Attempts have been made to quantify various human error probabilities, but such data should be treated with caution, as human performance is too variable to be credibly forecast from past records. Human error probability can be minimized by training, supervision and motivation, so these must be considered in the analysis. Of course in many cases the design organization has little or no control over these factors, but the analyses can be used to highlight the need for specific training, independent checks, or operator and maintainer instructions and warnings. More on human factors in engineering can be found in Wickens et al. (2003).

7.5 Analyse

It is important at this phase to further address all the potential sources of product failure. Various types of analysis can be done after the first draft of design is created, including physics of failure, finite element analysis (FEA), warranty data analysis, continued DRBFM, reliability prediction (Chapter 6), study of the lessons learned on previous programmes, design of experiments (DOE) (Chapter 11), derating analysis (Chapter 9). When a mock up, proof of concept, or engineering development unit is built it will make it easier to verify the results of the analysis and improve on the design.

Finite element analysis (FEA) is one of the important tools for physics of failure (PoF) analysis discussed in Chapter 6. FEA can be utilized to calculate the stresses caused by thermal expansion, vibration, accidental drop, and other environments. It can also be used to estimate fatigue life for products subjected to thermal cycling or vibration. More on fatigue is covered in Chapter 8.
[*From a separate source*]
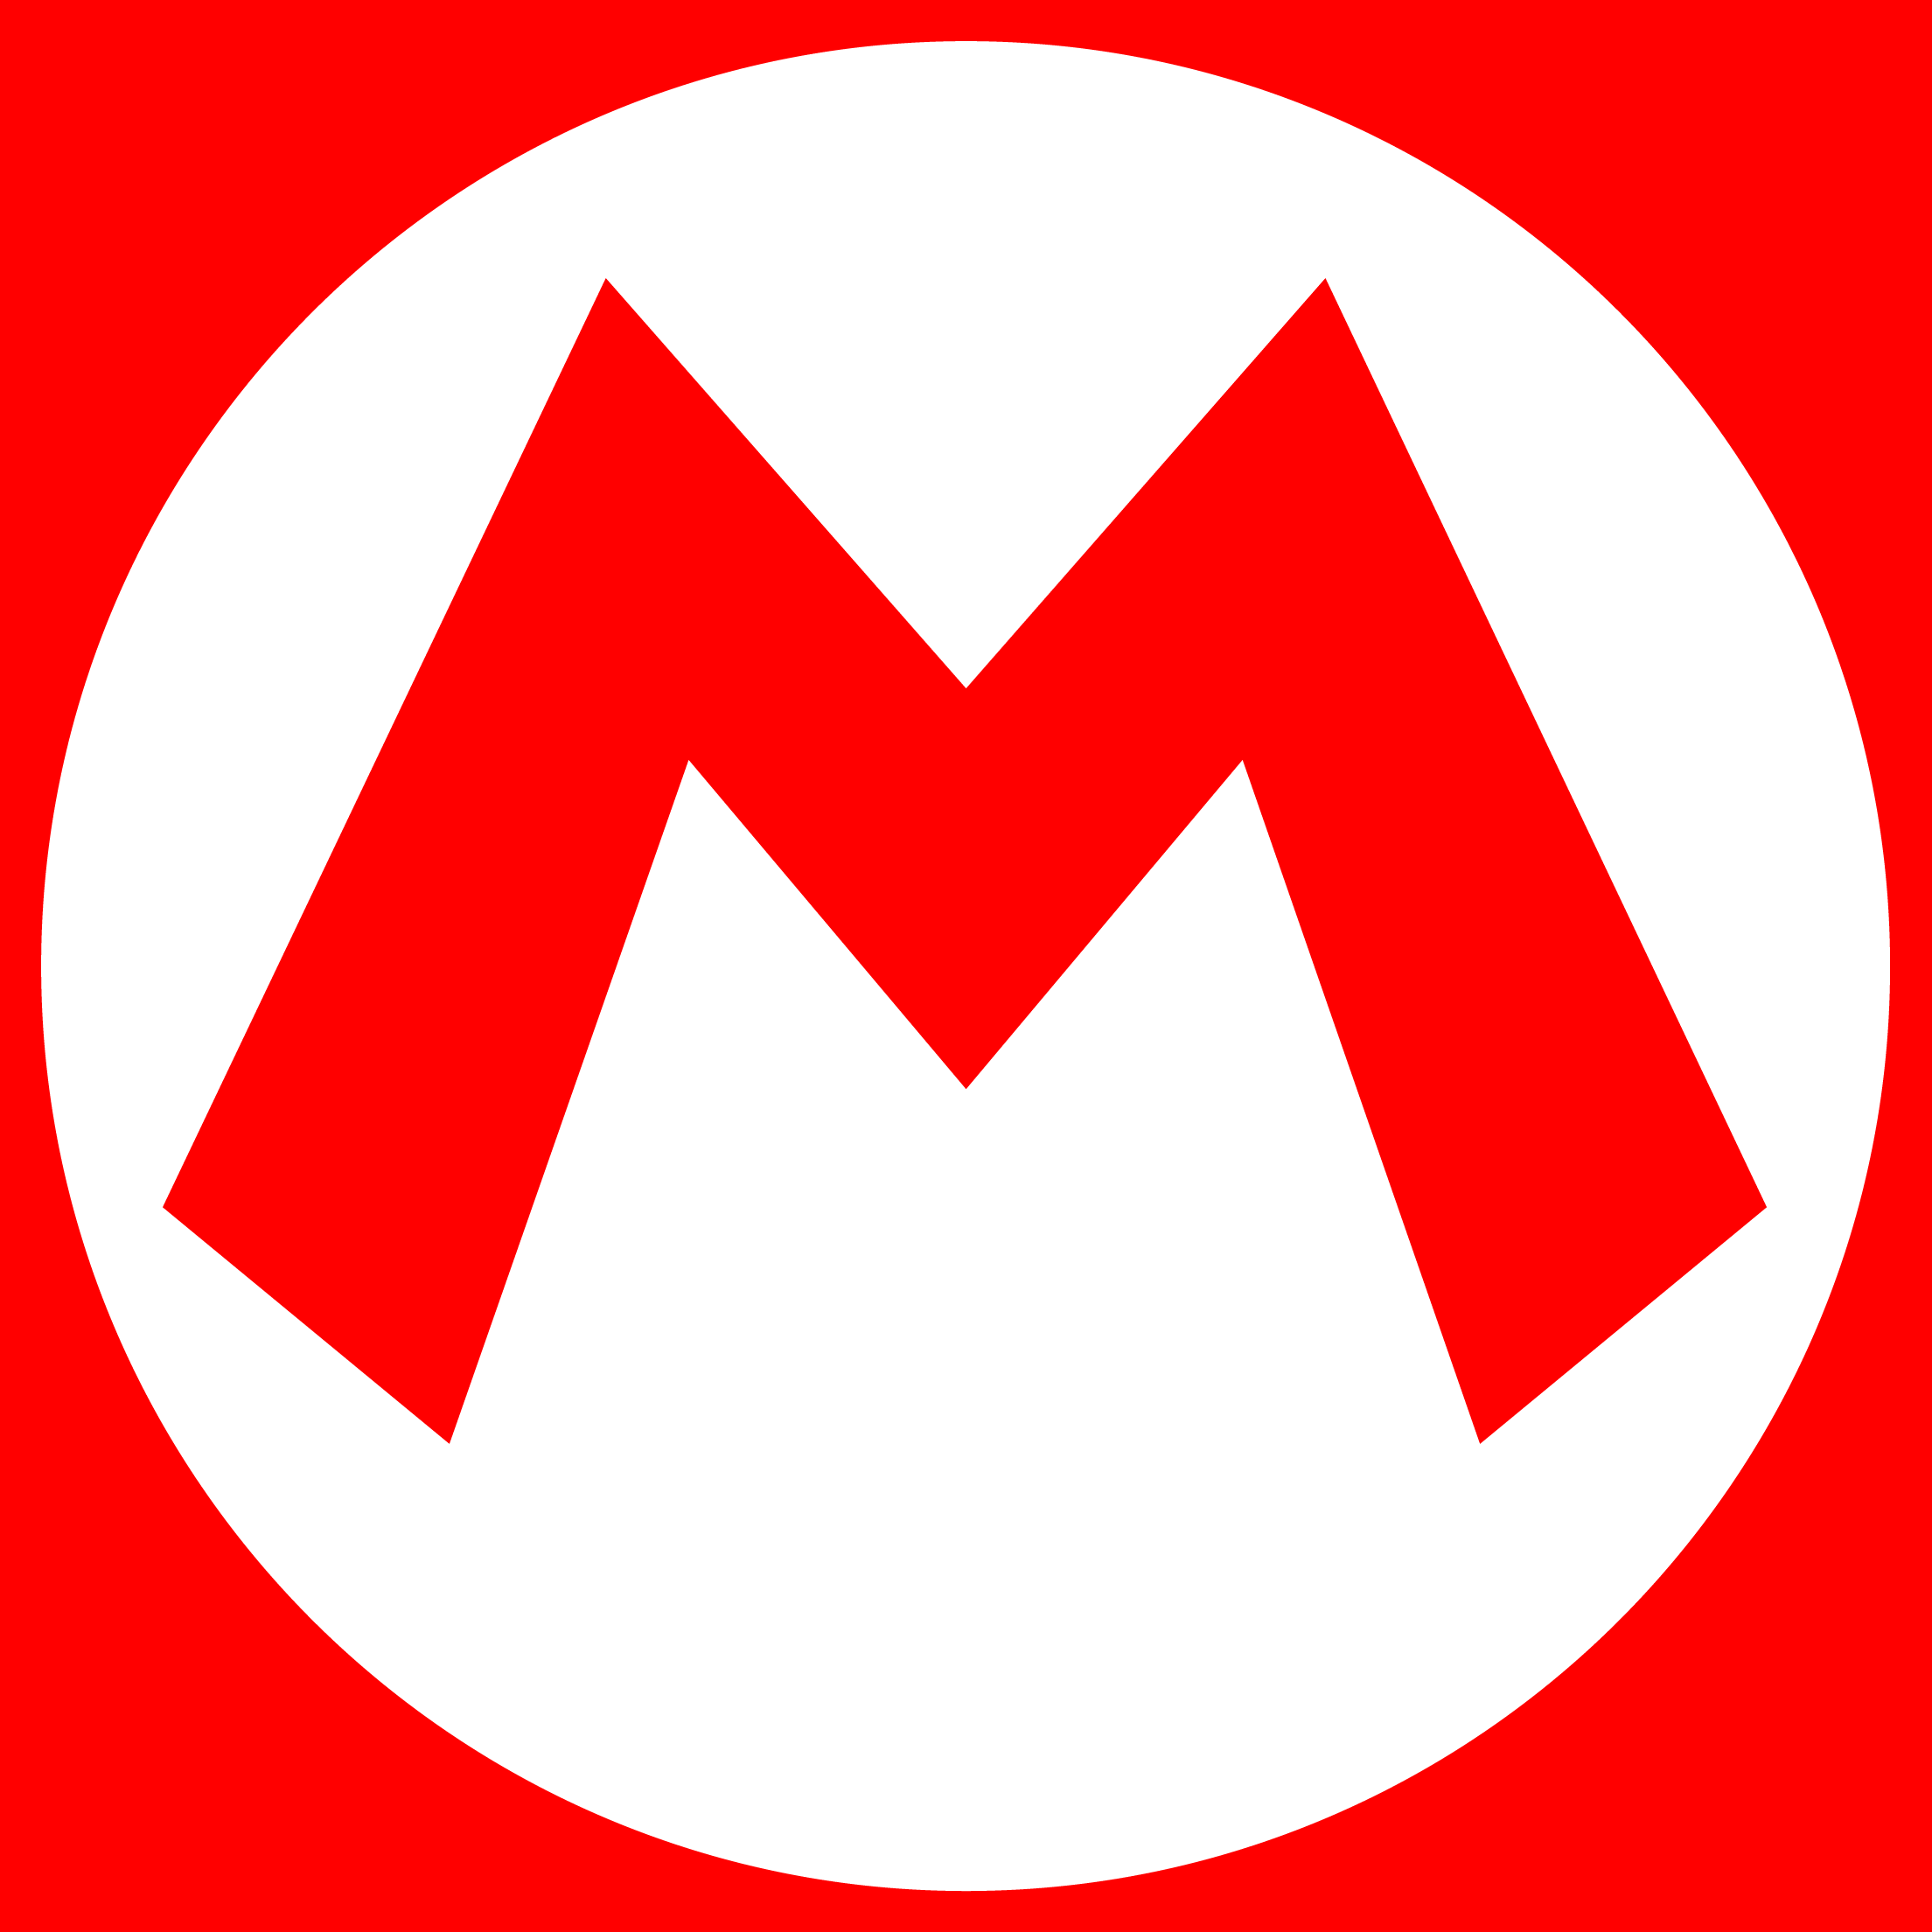 Super Mario Logo: A Nostalgic Symbol of Gaming Culture

As shown in Figure 7.2, DfR flow has an iterative pattern, especially in the DESIGN-ANALYZE-VERIFY sequence, thus the same design tools can be used at the different phases.
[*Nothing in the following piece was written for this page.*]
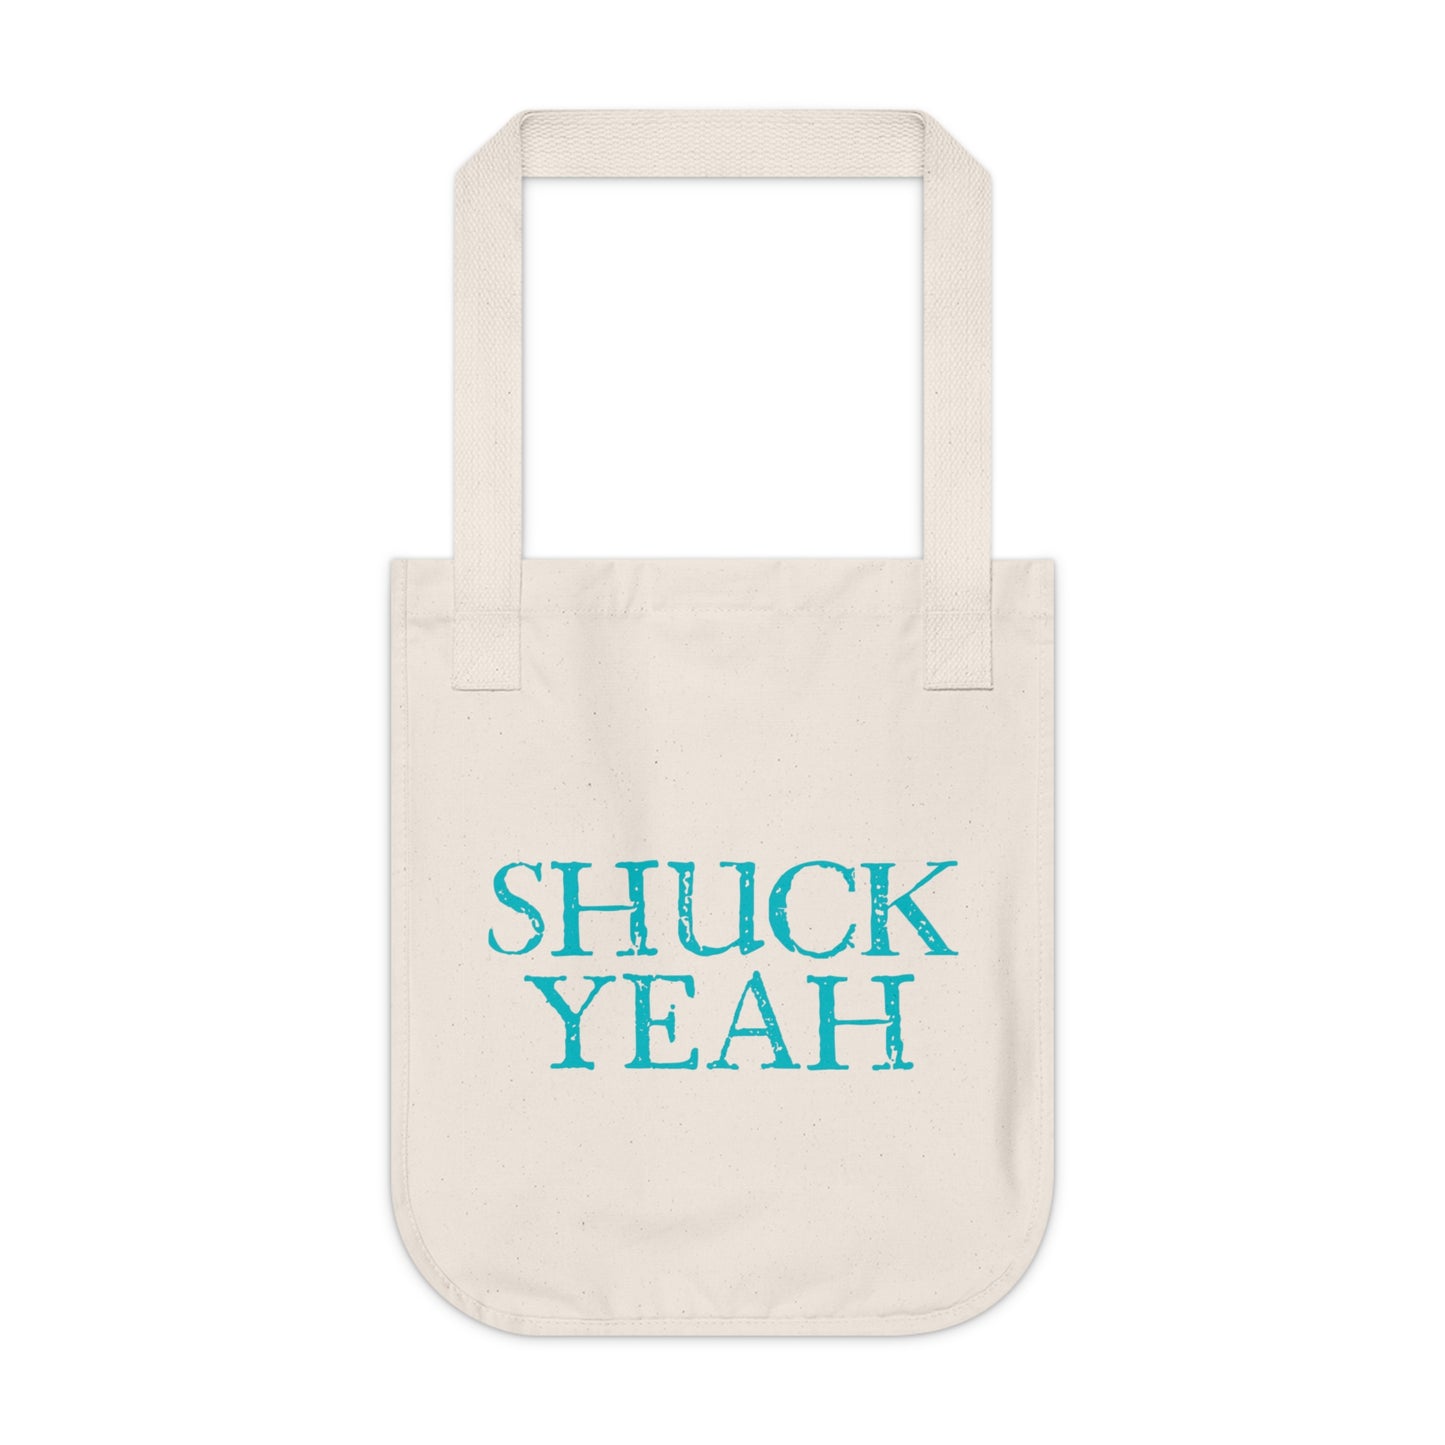 "Shuck Yeah" Reusable Organic Canvas Tote Bag

7.5.1 Field Return and Warranty Data Analysis

Field return and warranty data analysis can be an invaluable source in identifying and addressing potential reliability problems. In the cases where the new product design is not significantly different from the existing one, failures experienced in the field can be relevant to the new design. Engineering feedback from the field is essential to successful product design and development. The new product development process needs to be attuned to the engineering analysis of returned parts to prevent old problems from recurring in new products.

Depending on the complexity of the returned parts, the engineering analysis tasks can be accomplished by failure analysis or structured problem solving, or by using a combination of existing continuous improvement tools.

Engineering analysis, for example, can determine that a failure occurred due to an assembly problem, end-user abuse, software malfunction, electronic or mechanical component failure, corrosion, overheating or vibration. The analysis should narrow down the design related failure and identify the problems which may repeat themselves in the new design. For example, if the same faulty parts will be used in the new product, or if the parts would go through the same soldering process at the same assembly plant, where the field return parts came from.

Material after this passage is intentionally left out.